The second and third generations of the Ricotta doctors don’t second-guess their decision to become specialists, to practice in high-tech hospitals. In 2010, those settings let them help patients in ways that would have been unimaginable in a home office in Buffalo circa 1950. But the vivid memories all three carry of the first Dr. Ricotta—sometimes seeing a sick patient in his home office late at night—have helped his descendants remember that a patient is more than the sum of his or her body parts.

The three Dr. Ricottas—father, son, and daughter—know that big changes in medicine are on the way. Either we’ll find methods of delivering high-quality care more efficiently or even more cracks will appear in the system.

All three are a bit ambivalent about health-care reform.
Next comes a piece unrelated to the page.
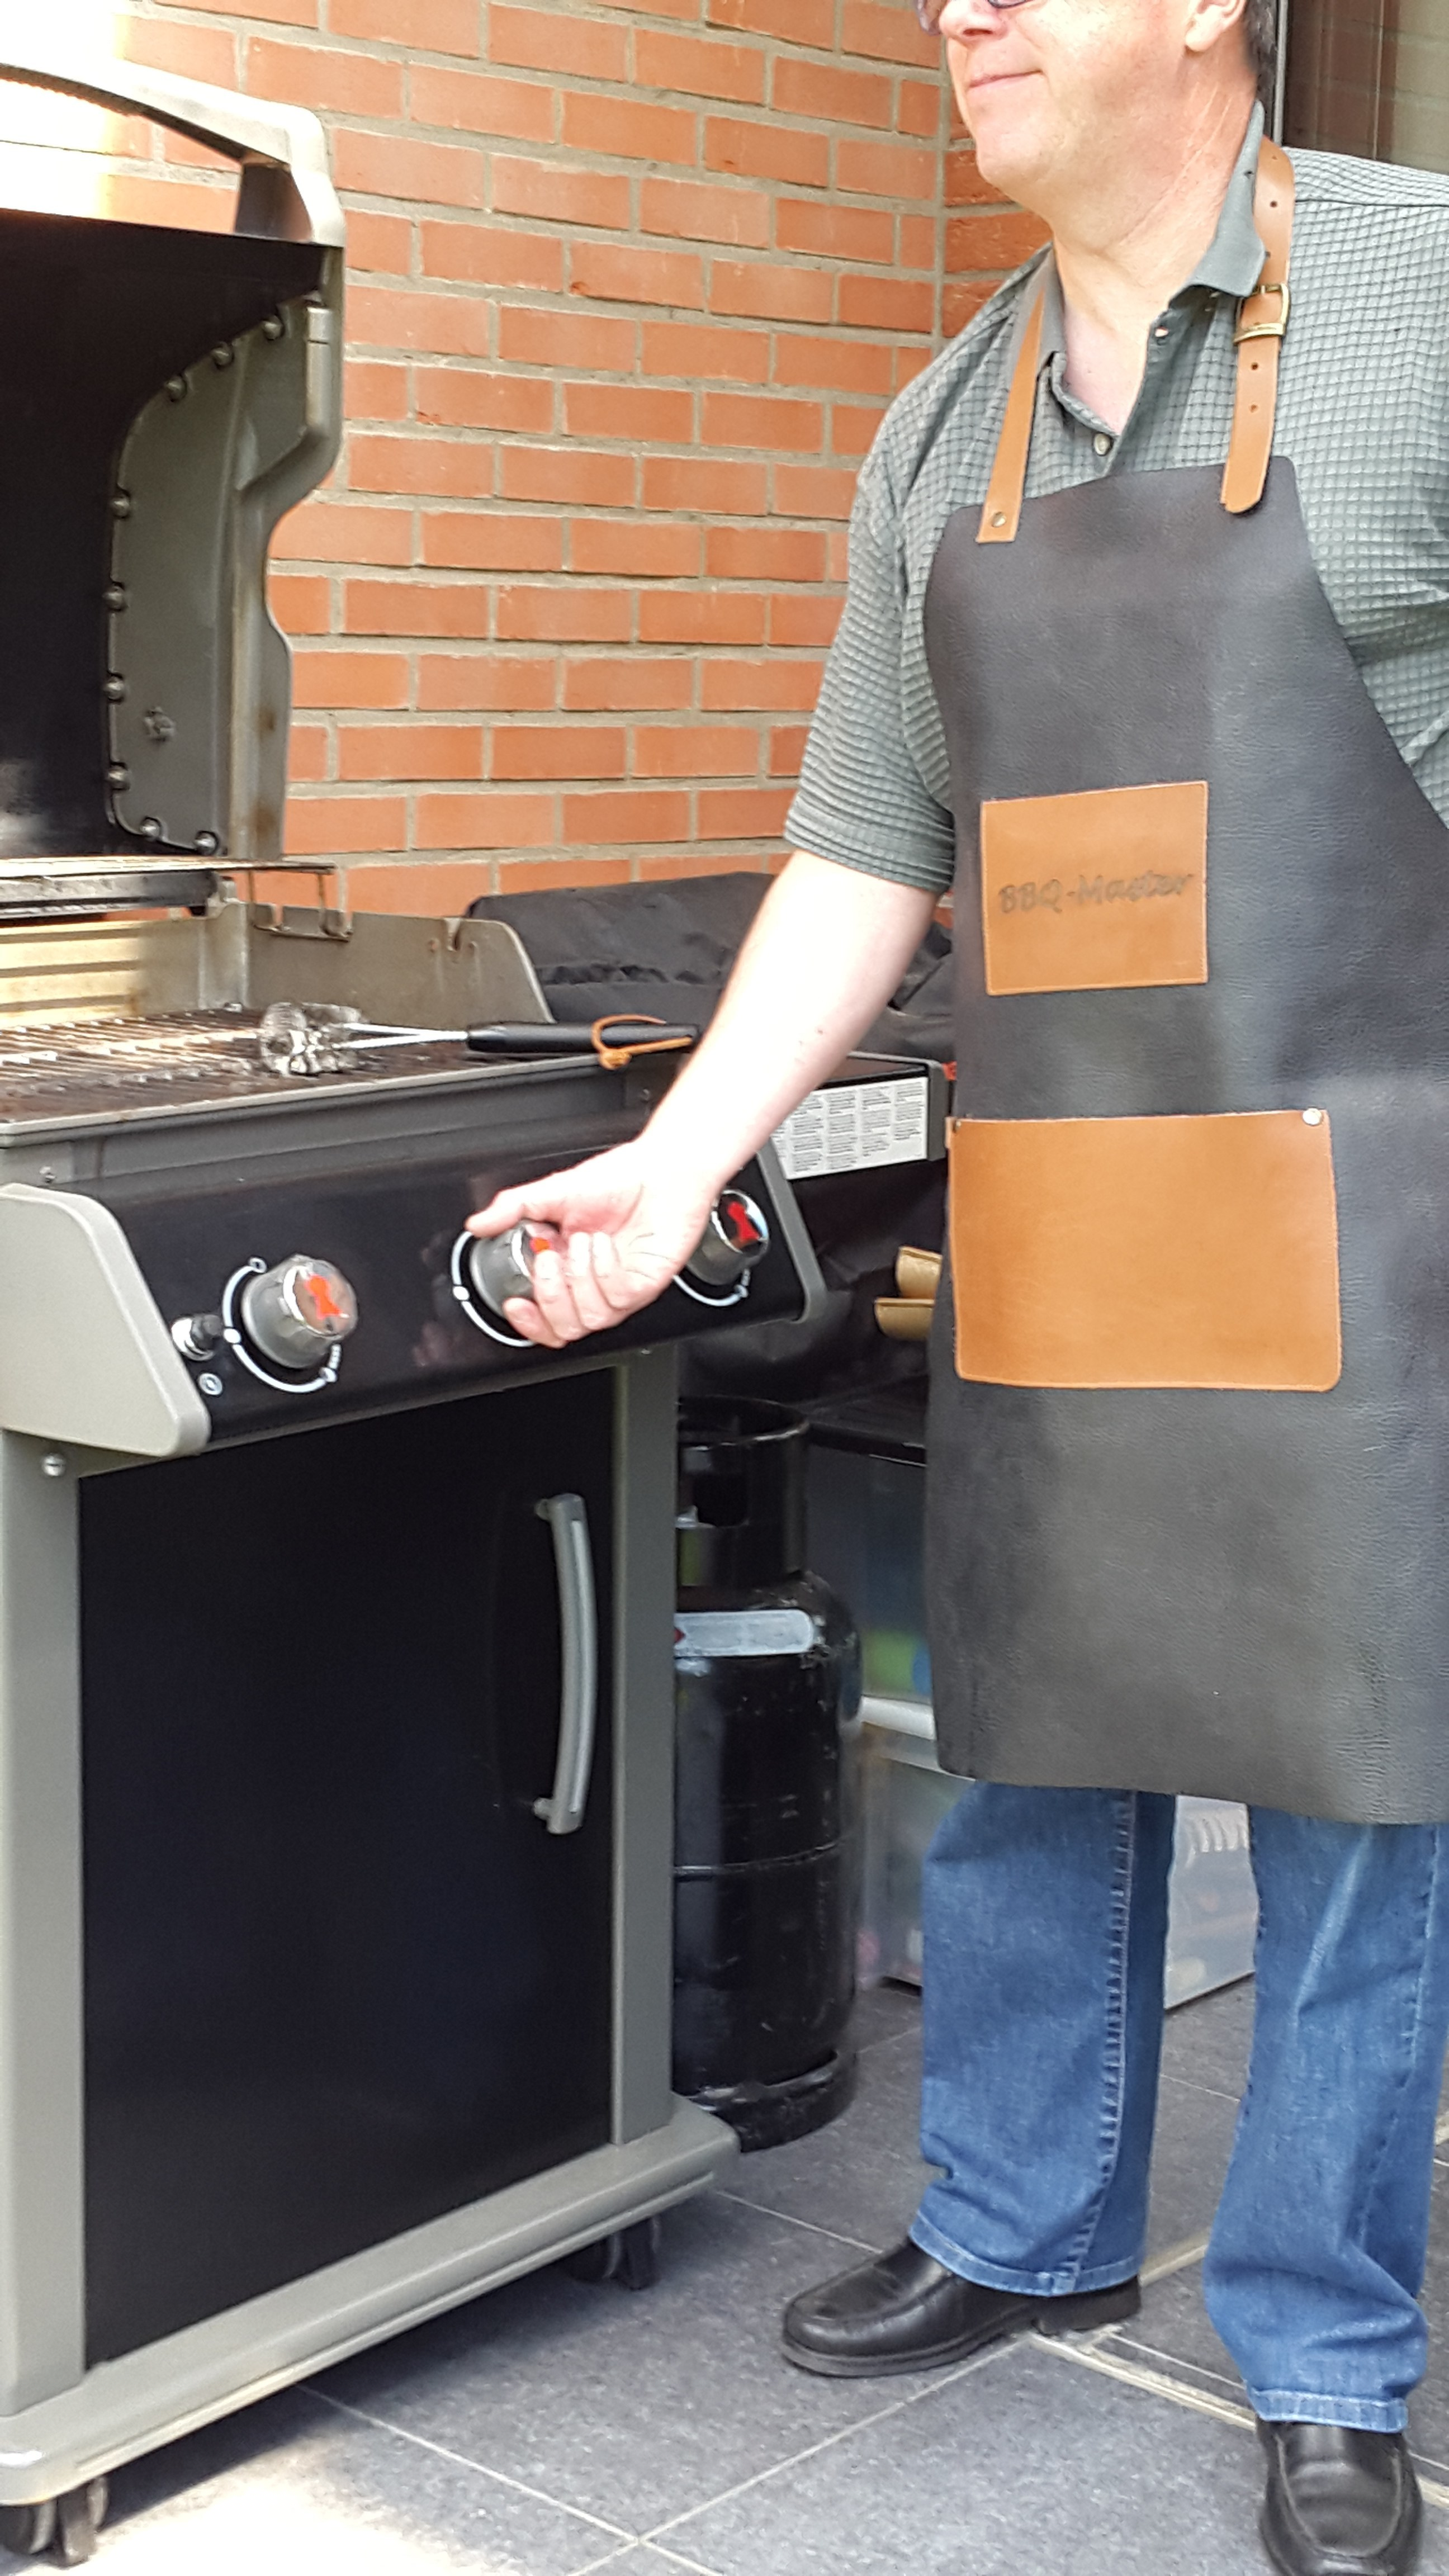 Barbecue schorten leder
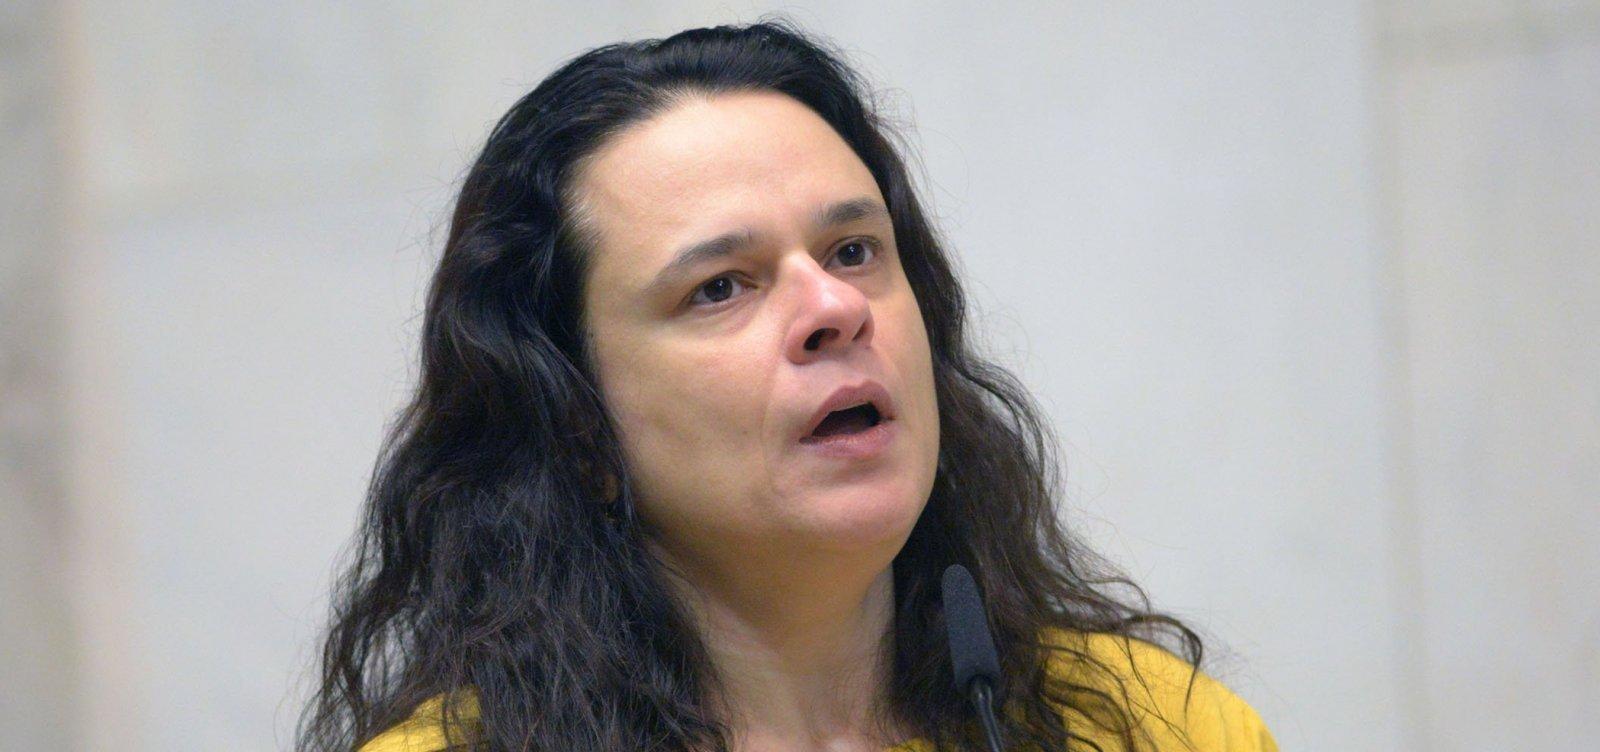 [Janaina Paschoal protocola pedido de impeachment contra Toffoli]

They welcome expansion of coverage; none is comfortable with the millions of uninsured who are at risk for getting care that’s too little, too late, and too expensive. The Ricottas welcome the push for computerized health records—although the thirtysomethings are more comfortable than their dad—knowing that it may address some of the challenges of duplication and coordination of care. But they aren’t really sure what this new health-care world will be like, what “delivery-system reform” or “medical homes” or “accountable care organizations” will look like for their patients and themselves. And for the next generation of doctors.

In Rochester, Minnesota, Joseph’s five-year-old son is already practicing carrying dad’s black bag. “I’m going to be a surgeon,” the little boy says. “On aortas.”

“That’s his grandfather putting the idea into his head,” Joseph says with a laugh. “Not me. But I’ve taken him on rounds. Maybe he’ll be the fourth generation.”